Цыганка тараторила, а они смотрели. Сразу картинка маме понравилась, это уже по тому заметно было, как она глядела: помягчела глазами, даже будто покраснела немножко от удовольствия, настороженно поджатые губы отпустила… Яркая была картинка: на лаковом черном поле нарисованы были три сестрицы, друг к дружке повернутые, в красивых одеждах, но с бледными нежными лицами, с печалью в глазах, такою же, как у самой цыганки, только добрее. Что-то кроткое и покойное было в них, как на иконах, и хотелось долго смотреть и думать — о чем, он сам не знал, но думать надо было… И они смотрели, ему тоже хотелось, чтоб картинка эта осталась, всегда висела у них, украшая собою их дом, успокаивая, что-то такое людское утоляя в них, беспокойное, чему и названия-то нет. А цыганка, довольная успехом, все тараторила, расхваливала и божилась; и когда мать, совсем раскрасневшаяся, спросила наконец расслабленным голосом: «Скольки же?..» — та в который раз обежала рассеянно глазами избу, в недоуменье будто, и вдруг осенило ее: сделала к кровати виляющих два шага, гибко и быстро потянулась и сдернула с двух больших подушек третью, поменьше, на которой он всегда спал на печи, сунула под мышку:
— Ай, зачем деньги, сестрица, деньги подождут. Па рукам?!

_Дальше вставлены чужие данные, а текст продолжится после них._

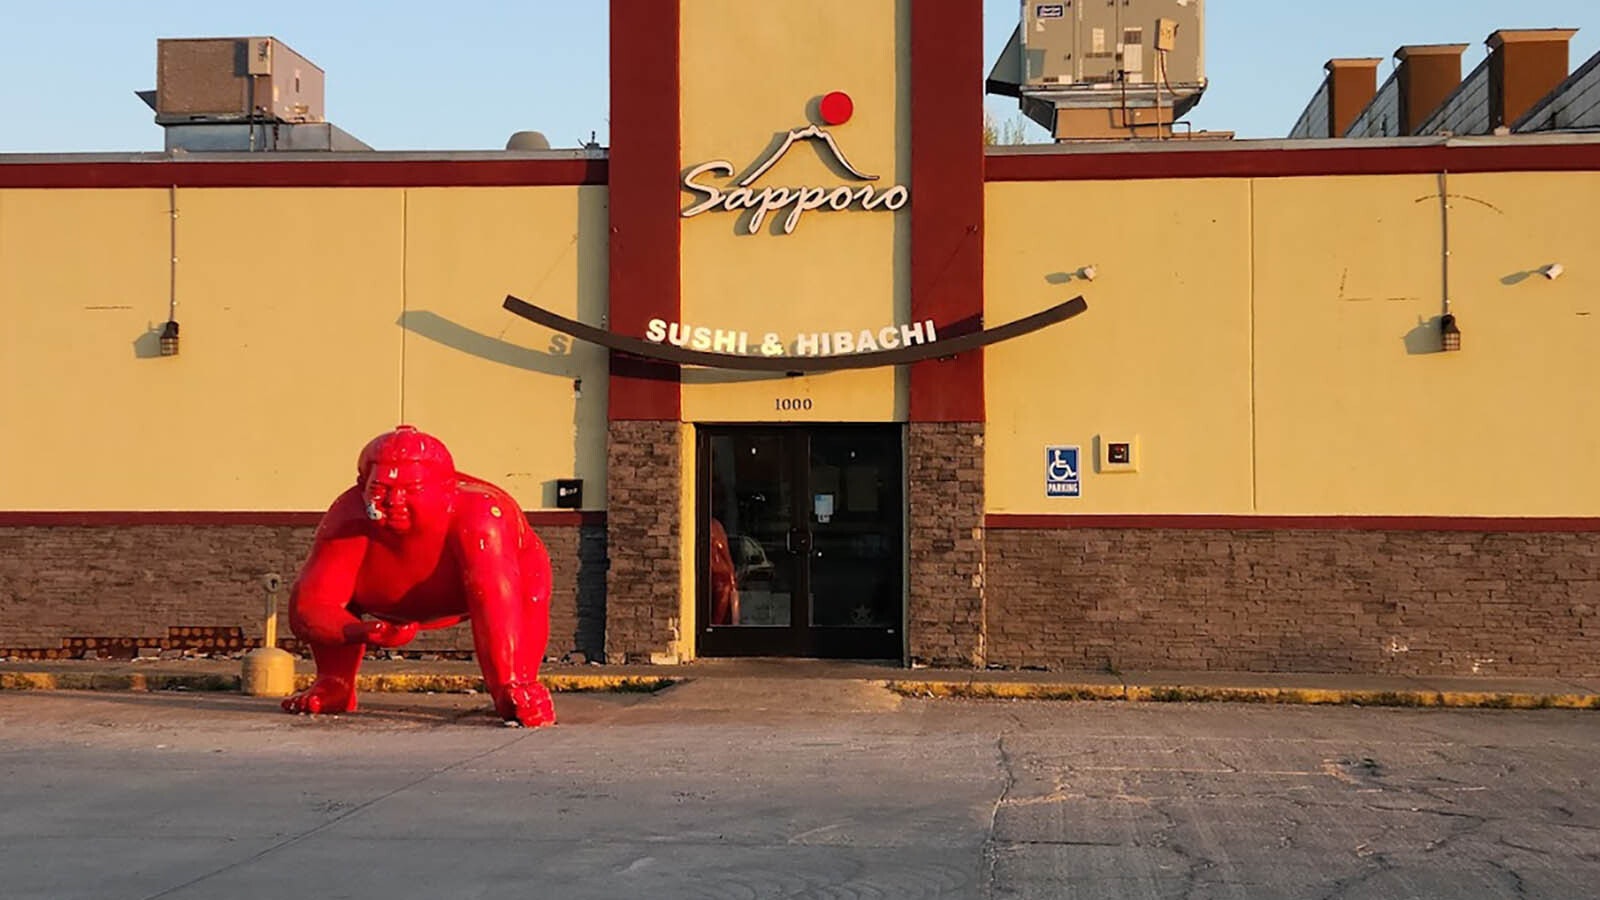 The Sapporo restaurant in Gillette, Wyoming.

— Обожди… Постой, девонька, что ж это ты так?.. — растерянно сопротивлялась мать. — Она ить не ватная — перьевая она, денег стоит. Ты, гляжу, уж больно совсем…
— А ты такую разве найдешь где? В сельпо купишь? Ай, какие вы, ничево хорошего не понимаете, хоть кол на голове теши. Вам попал холст, а вы говорите, что толст! Чево еще нада?! Бери, хозяйка, не думай, много думать будешь — ничево никогда не сделаешь, это я тебе правду говорю, истинную.
— Да как же-ть не думать, подушка — она ить, шутка ли, все десять, а то и… Вот бери два, все три бери, я разве что говорю. Я ничего не говорю, хорошая, а только ведь безделушка вроде… Не-ет, так не пойдет.
— Какая безделушка, красота разве безделушка?! Апомнись, что ты говоришь? Я тебе как себе добра желаю, а ты слушать не хошь, все на свое переводишь, как не знаю кто… А-а, ладна — бери! — Цыганка, все придерживая подушку, другой рукой вытянула из-за пазухи, из потайных своих карманов крупные, яркие, как рябина, бусы; показала, какие они, и решительно сунула матери прямо в руки. — Бери, для тебя не жалка! Молодая еще, гулять да гулять тебе; а в молодости не погуляешь — в старости не наверстаешь, не догонишь ни на каком скакуне, ничево тогда не нада будет…
И подхватила узел.
— Да ты постой-ка…
— Чево стоять, раз дело сладили?! Благодарить, милая, будешь, помнить; ат души тебе скажу — гуляй, не забывай, что годы пока молодые, а то поздно будет, истинно тебе говорю…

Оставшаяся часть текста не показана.